If you have pain in your buttocks area when you run, there is a good chance that you are suffering from piriformis syndrome. Piriformis syndrome occurs when the piriformis, a muscle that is located deep in the buttocks, is irritated. Because of its location, the piriformis can be a difficult muscle to treat. Here are some tips about how to treat piriformis syndrome.
Causes of Piriformis Syndrome
Piriformis syndrome often happens when runners run on slanted surfaces (such as very curved roads or beaches) too often. It can also occur by including too much down hill running in training. I have also found that tight hip flexors and hamstrings can cause piriformis soreness because, when these muscles are tight, a runner’s stride is altered, which puts stress on the piriformis muscle.
How to Treat and Cure Piriformis Syndrome
Rest: When you feel pain in your buttocks area, try to take a few days off to give your piriformis a chance to heal. If you run while feeling pain, you are only doing more damage to your piriformis muscle.
Ice: Icing the piriformis muscle is difficult due to its location, but the best way is probably to buy or make a bag of crushed ice sit on the ice for 10 minutes, take the bag off for 10 minutes, and place the bag back on the area for 10 minutes. Try to do this at least 2-3 times per day.

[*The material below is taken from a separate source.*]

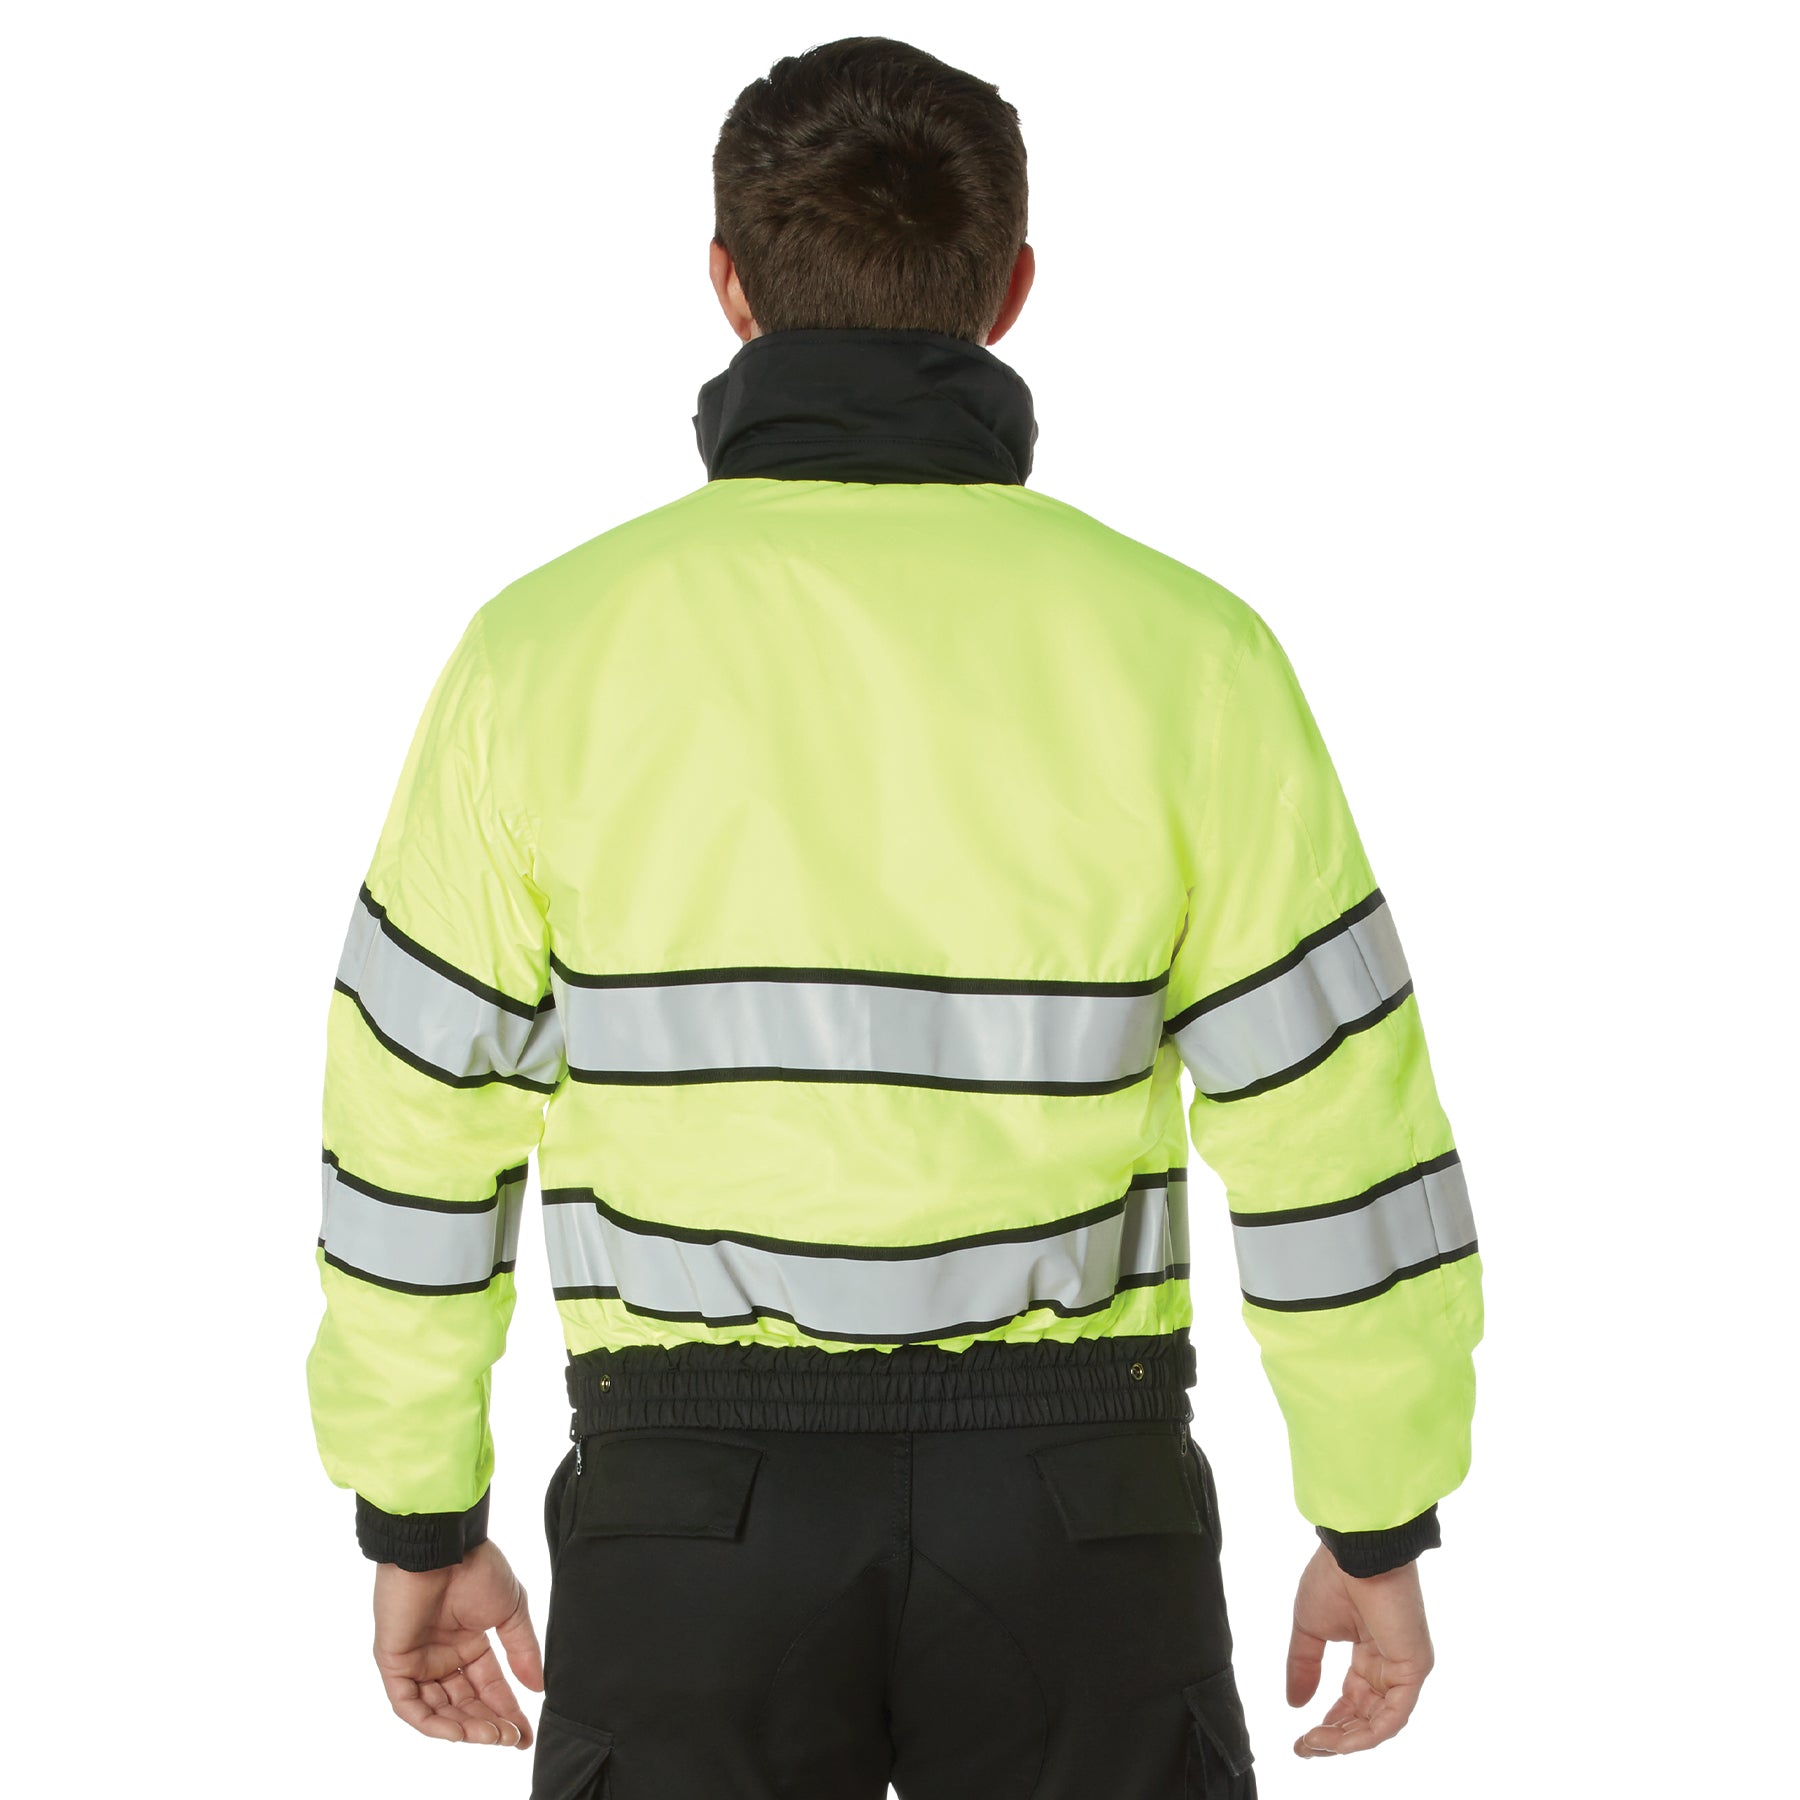 Rothco 8720: Dual-Sided Hi-Viz Yellow & Classic Black Reversible Uniform Jacket - Clothing & Accessories

NSAIDs: “NSAID” stands for Non-steroidal Anti-inflammatory Drug. NSAIDs include Aspirin, Ibuprofen, and Naproxen (Aleve). NSAIDs do a great job at reducing inflammation in the body and promoting healing of the piriformis. While these drugs may help you if you are hurt, please be careful not to abuse the drugs. Only take them for about a 2 week period because extended use can really do bad things to your kidneys. I have heard some horror stories about runners who used NSAIDs for months on end who are now suffering from serious kidney issues. Therefore, make sure to use NSAIDs if you are dealing with piriformis syndrome, but please don’t overuse them.
LIGHT stretching: As your piriformis syndrome paid starts to ease up, try to mix in some light stretching. One good way to stretch the piriformis is, while laying on your back put a tennis ball under your the area and gentle roll the affected muscle over the ball. Try to find a knot in the muscle and let the ball sink into the knot. Please realize that this can be quite painful, but it is often necessary to smooth out the tight muscle. Think of it has a cheap deep massage. Also make sure to adequately stretch your hip flexors, hamstrings, and quadriceps muscles because, as a I stated before, if those muscles are tight, they can cause piriformis syndrome.
See a professional: If the above piriformis syndrome treatment methods don’t work, go see a professional sports medicine physician or a physical therapist as soon as possible. A massage therapist may also help you get some relief. Sometimes massage therapist can work wonders in breaking up knots and scar tissue in the piriformis muscle, which gives the muscle a chance to heal.
Track your running: Although a running log will not cure pirifromis syndrome, it can help you discover why you developed piriformis syndrome. By tracking your workouts, you will be able to find errors in your training (i.e. not taking enough rest) that cause injuries to happen. Without the help of a running log, it is highly likely that you will continually repeat past training errors and suffer future bouts of piriformis syndrome.